Salt rock also has a crucial influence on pore connectivity. According to Sun et al.’s (2022b) correlation between salt minerals and throat fractal dimensions, salt minerals have a strong blocking effect on small pore throats and consequently reduce the proportion of effective connected pores. Improvement of the connectivity of pores and promotion of salt mineral dissolution and reprecipitation will therefore be the key to increasing shale oil storage and production in future development.

4 CONCLUSIONS

This paper evaluates the characteristics of connected pores in shale samples from the Eq34-10 rhythm of the Qianjiang Formation in the Qianjiang depression, and investigates the occurrence of pores containing movable shale oil. The principal conclusions are as follows.

(1) Because of the influence of compaction and sedimentary environment in the Qianjiang Formation, the types, sizes, and degrees of deformation of pores in Wells BX7 and BYY2 are different. The pores in Well BX7 are mostly mixed intergranular pores composed of quartz, clay, and carbonate minerals, as well as clay interlayer pores. The pore diameters are mostly less than 50 nm, with a peak distribution value of about 5–10 nm. The pores in Well BYY2 are mostly dolomite intercrystalline pores and mixed intergranular pores, with a small number of clay mineral interlayer pores. The pores are mostly less than 600 nm, and micron-scale pores are widely developed. In Well BX7, pore development in mudstone facies is better than in carbonaceous mudstone and dolomitic mudstone facies while, in Well BYY2, pore development is best in dolomitic mudstone facies, followed by argillaceous dolomite facies and argillaceous limestone facies.

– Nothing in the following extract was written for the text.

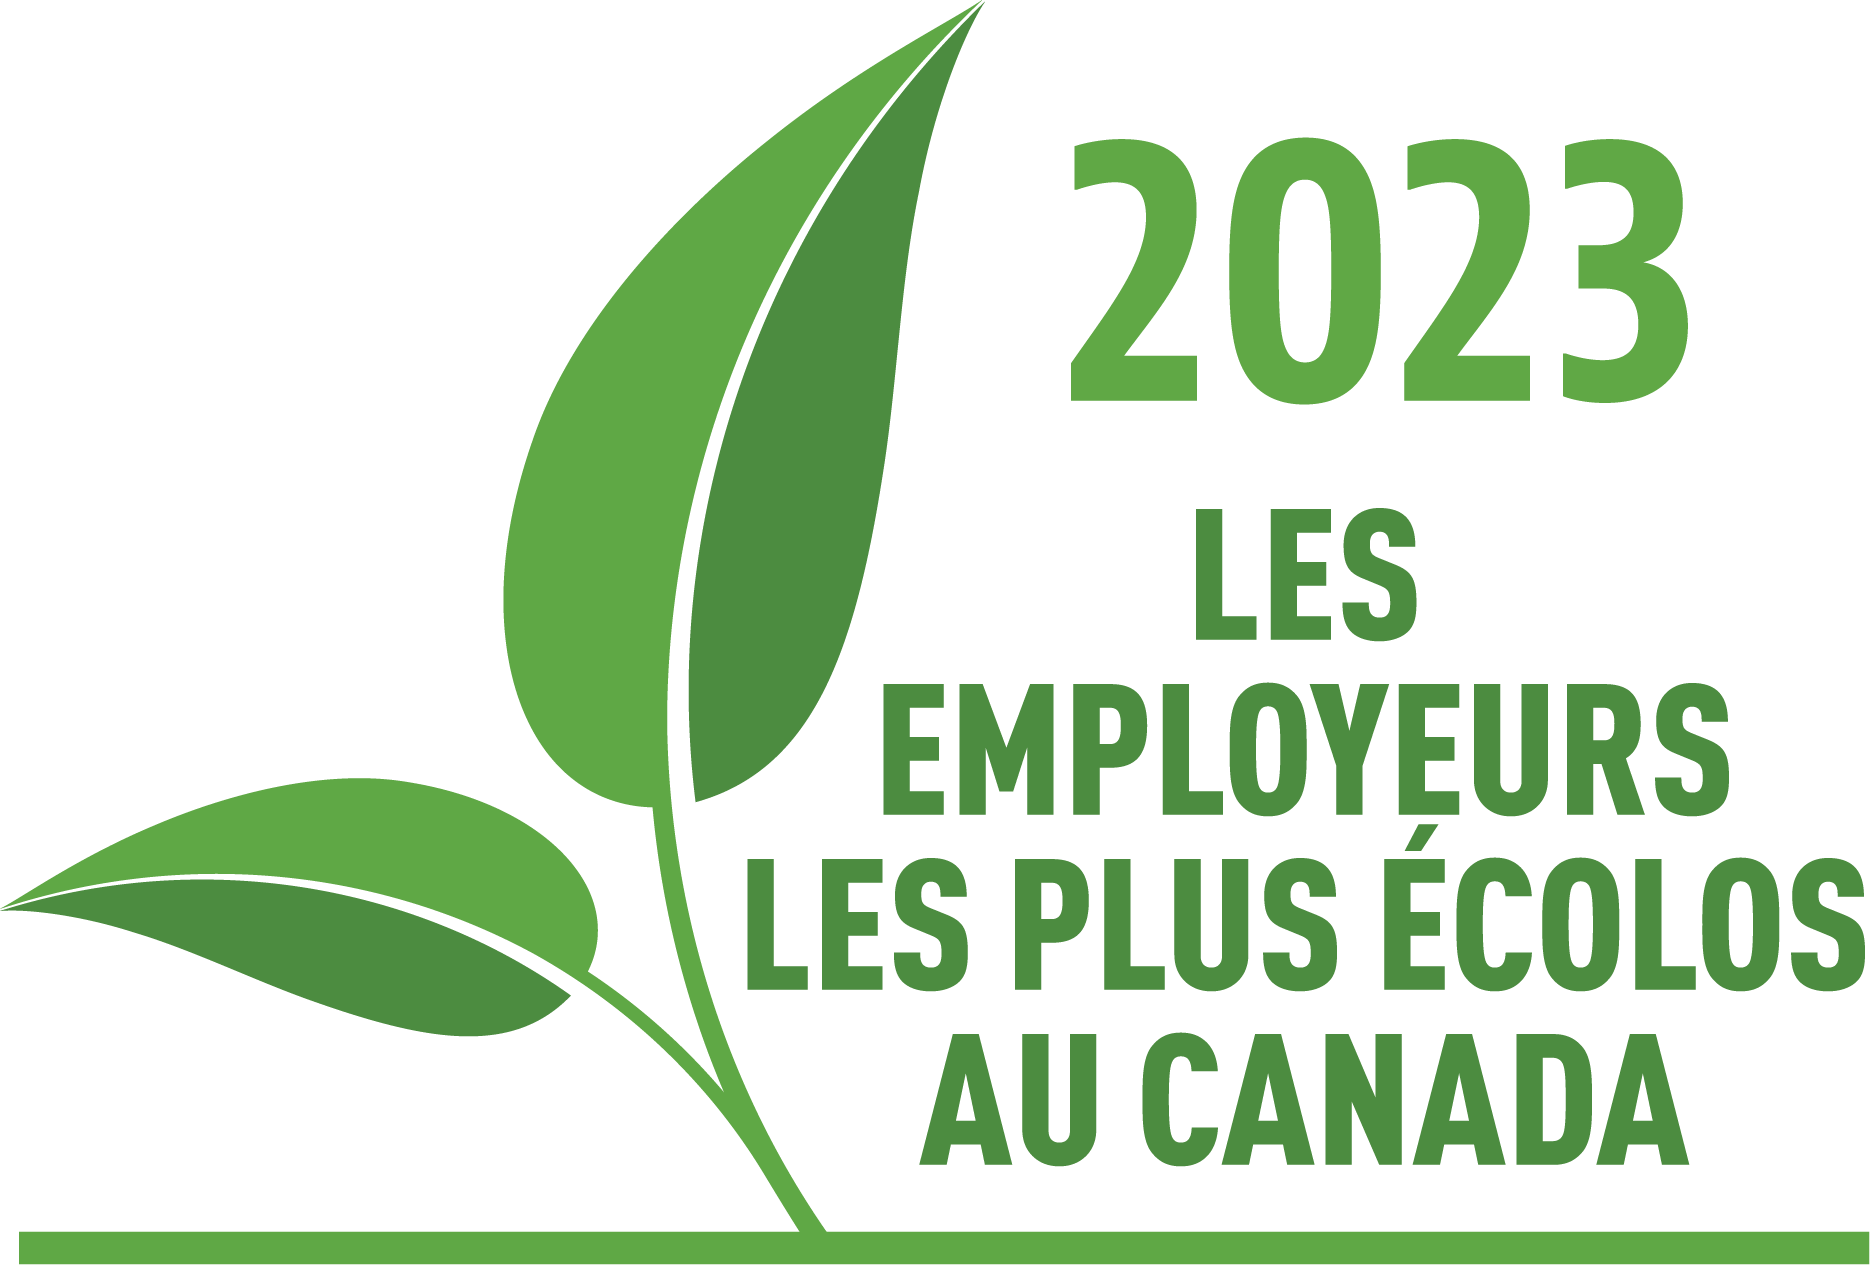 Les employeurs les plus verts du Canada

(2) Effective connected pores in Eq34-10 rhythmic samples from the Qianjiang Formation account for less than 50% of all connected pores, and the effective connected porosity of Well BX7 is inferior to that of Well BYY2. In Well BX7, pores with throat diameters smaller than 15 nm are the principal limitation on shale oil mobility. In Well BYY2, residual mercury from mercury injection testing was mainly concentrated in pores with throats of 10–200 nm in lamellar dolomitic mudstone facies. In bulk argillaceous dolomite facies, the residual mercury was mainly concentrated in 60–300 nm pores. The sizes of pore with retained hydrocarbons can be 5 nm, or even smaller, while the sizes of pores with movable shale oil are generally larger than 40 nm.

(3) Excluding the influence of differences in wettability, the mobility of shale oil in Eq34-10 rhythmic samples from the Qianjiang Formation is affected by differences in lithofacies, the degree of pore deformation caused by diagenesis, the complexity of pore structures, and the connectivity of pore throats. Halite dissolution and reprecipitation also inhibit the mobility of shale oil.